Two of Canada’s most famous hotels – Toronto’s Royal York and the Hotel Vancouver – have been put up for sale by Quebec’s giant pension plan, the Caisse de dépôt et placement du Québec, which is moving out of the lodging business.
The hotels, both managed by Fairmont Hotels and Resorts, date back to the glory days of the railroad and were once among the most impressive in the world. The Royal York opened in 1929 after the Canadian Pacific Railway decided it wanted to build the largest hotel in the British Commonwealth. When it opened, the opulent venue had more than 1,000 rooms and rose up 28 floors, making it the tallest building in the Commonwealth. The Hotel Vancouver opened in 1939 just in time for a visit by King George VI and Queen Elizabeth.
The Caisse, which manages nearly $300-billion in total assets, has been unloading a number of high-profile hotels in recent months as it steps away from what is considered the riskier side of the real estate business. Last year the plan sold the Chateau Laurier in Ottawa and it has put the Empress in Victoria up for sale. It has also sold more than a dozen properties in Europe and the United States.
The pension plan’s real estate division, Ivanhoe Cambridge, now owns about 10 hotels, down from a peak of 70 a few years ago.
The Caisse won’t be letting go of two Quebec icons; the Queen Elizabeth hotel in Montreal and the Château Frontenac in Quebec City, which is undergoing a $70-million renovation. The plan’s mandate includes contributing to the Quebec economy and it tends to keep a significant number of investments in the province.
The cost of maintaining historic properties has been soaring and the pension plan had been mulling whether to sink more money into the Royal York and Hotel Vancouver for a while. “They’re phenomenal assets, hugely challenging because the capital required is immense, but you just know that something special could and should happen,” Daniel Fournier, Ivanhoe Cambridge’s chief executive, said in an interview last year.
On Thursday, company executive Sylvain Fortier confirmed both will be sold.
The change in ownership could lead to significant alterations at the properties, although they will almost certainly continue to be run as Fairmont hotels.
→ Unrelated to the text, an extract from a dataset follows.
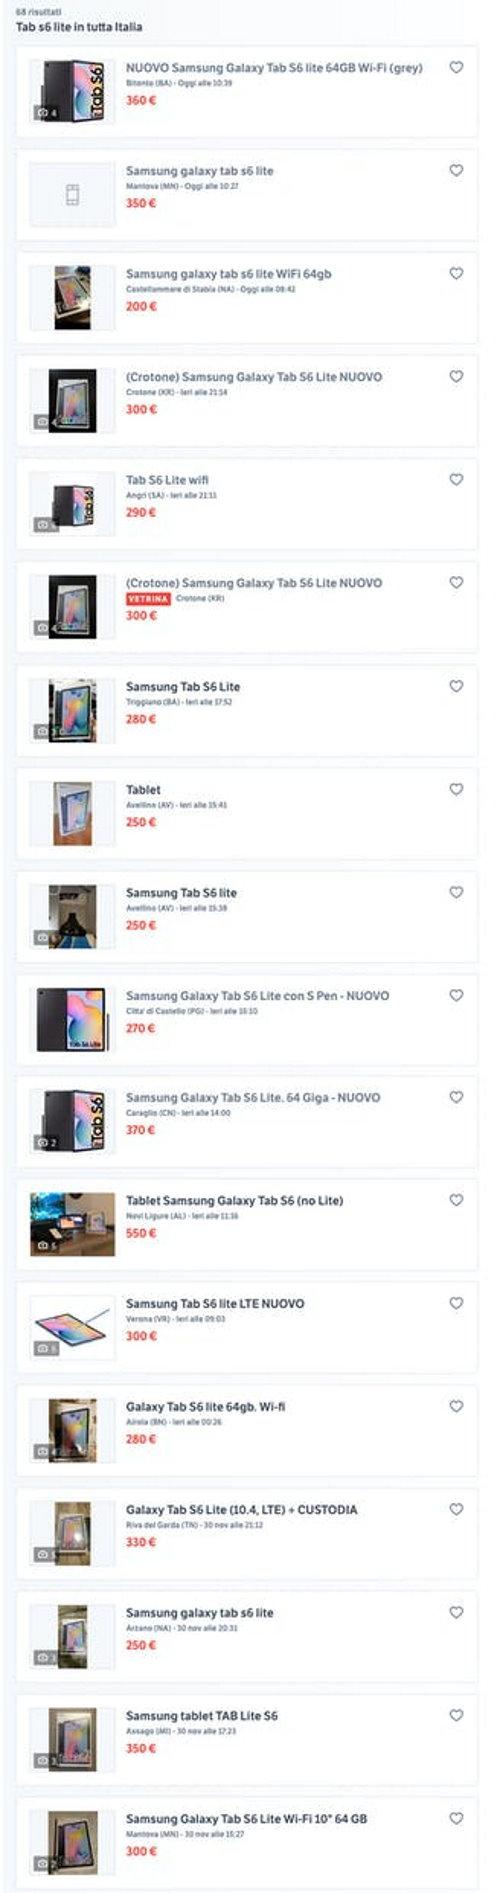 Galaxy Tab S6 Lite Wifi bonus PC il caso venduto sui marketplace dell'usato online
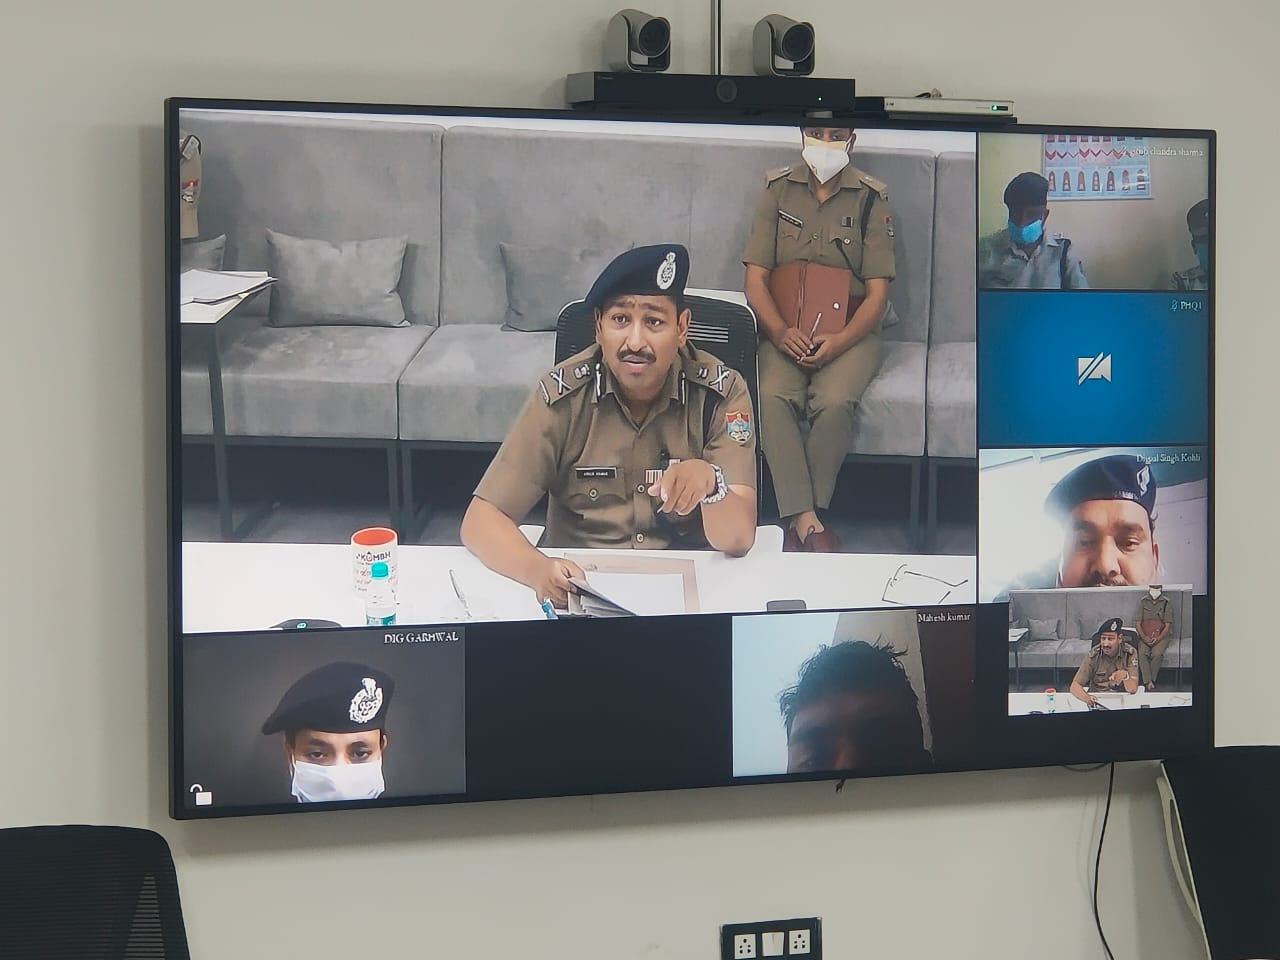 उत्तराखंड पुलिस महानिदेशन ने वीडियो कान्फ्रेसिंग के माध्यम से सुनी विभिन्न जनपदों की शिकायतकर्ताओं क

Fairmont’s contract to operate both runs for several decades and the company will play a role in choosing the buyer.
“Ownership changes are not uncommon in the lodging sector and [Fairmont] has supported other properties through this process, ensuring a seamless transition of operations between owners,” a Fairmont spokesman said.
CPR owned a string of luxury hotels across Canada for decades shortly after its founding in 1881, including the Hotel Vancouver and Château Frontenac. In 1999, Canadian Pacific’s hotel business bought Fairmont and adopted the hotel brand. It was reorganized into Fairmont Hotels & Resorts Inc. two years later and that company has chosen to concentrate on managing hotels rather than owning them.
Ivanhoe bought its portfolio of Fairmont hotels in 2007, just before the financial crisis hit and curtailed travel and tourism. It has since written down the value of the properties on its books. “Honestly, [the sale] is not going to be our best return, simply because we bought in ’07,” said Mr. Fortier. “Anybody who would pretend that they made a great return buying something in ’07 would either be lying or lying.”
He said Ivanhoe has done work to renovate or upgrade more than 200 rooms in the 1,363-room Royal York, and also decided to do some work on the lobby level of Hotel Vancouver before selling it.
Hotels are considered a risky asset class because travel can be volatile. The Royal York and Hotel Vancouver are in sought-after locations but the new owners will have to decide how much money they want to invest to lure more business. “For Vancouver we know a lot of Asian investors are looking, and for Toronto we expect some European and American money looking, so it will be an interesting dynamic,” Mr. Fortier said.